The Trend of Network Technologies
In addition to the local storage I/O bottleneck, the network I/O bottleneck is also the main performance issue in the datacenter. Under traditional Ethernet network, the limited data transmission capability and the non-trivial CPU overhead of the
TPC/IP stack have severely impacted the performance of distributed data processing. Therefore, the overall throughput of distributed database system is sharply reduced under the influence of the high proportion of distributed transactions, which
lead to potentially heavy network IO. Based on this, the existing data management systems have to resort to some specific strategies such as coordinated partitioning, relaxed consistency assurance, and deterministic execution scheme to control
or reduce the ratio of distributed transactions. However, most of these measures suffer from unreasonable assumptions and applicable conditions, or opaqueness to application developers.

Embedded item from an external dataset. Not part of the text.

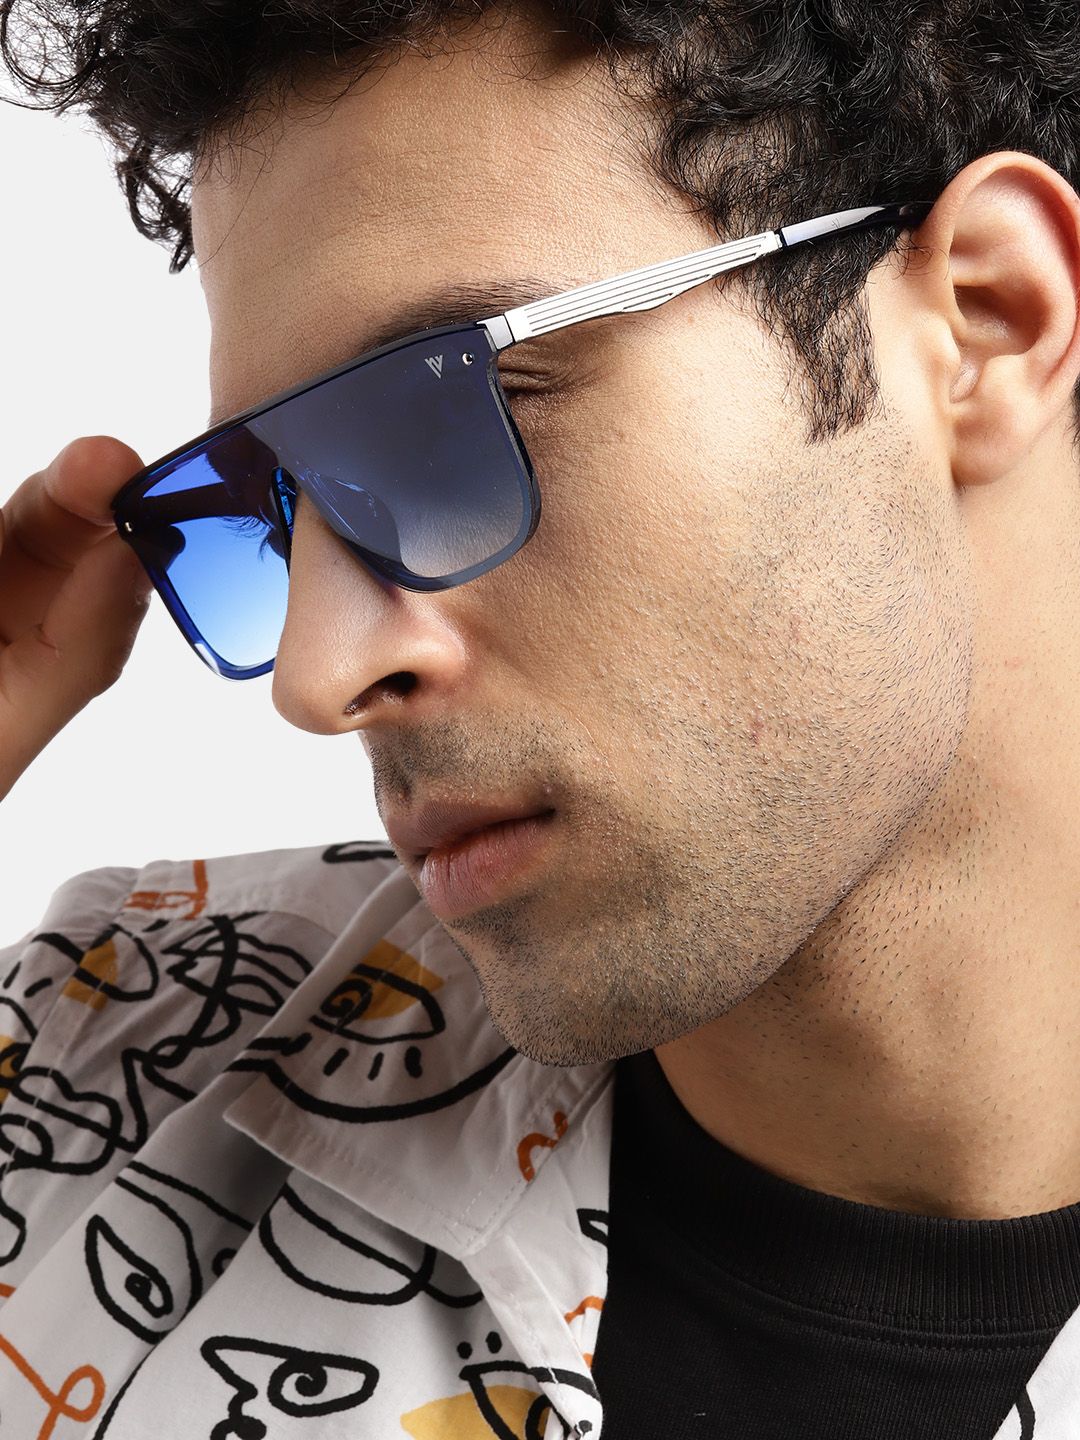 Voyage Unisex Blue Lens Rectangle Sunglasses with UV Protected Lens 1810-6071MG3331C Price in India

In particular, the scalability of the system is still greatly
limited, especially when the workload does not have the distinguishable characteristics to be split independently.
It is important to note that the increased contention likelihood is the most cited reasons when discussing the scalability
issue of distributed transactions, but the most important factor is the CPU overhead of the TCP/IP stack incurred by traditional Ethernet network. In other words, software-oriented optimization will not fundamentally address the scalability issue
within distributed environments. In recent years, the high-performance RDMA-enabled network is dramatically improving the network latency and ensures that users can bypass the CPU when transferring data on the network. InfiniBand, iWARP, and RoCE
are all RDMA-enabled network protocols, with appropriate hardware that can accelerate operations to increase the value of application. With price reduction in RDMA-related hardware, more and more emerging industry clusters working on the RDMA-related
network environment, requiring a fundamental rethinking of the design of data management and analysis systems, include but not limited to distributed query, transaction processing, and other core functions.
Although the development of new
hardware exhibits complicated variety and the composition of the hardware environment is also uncertain, it is foreseeable that they eventually will become the standard hardware components in the future. Data management and analysis on modern
hardware will become a new research hotspots field.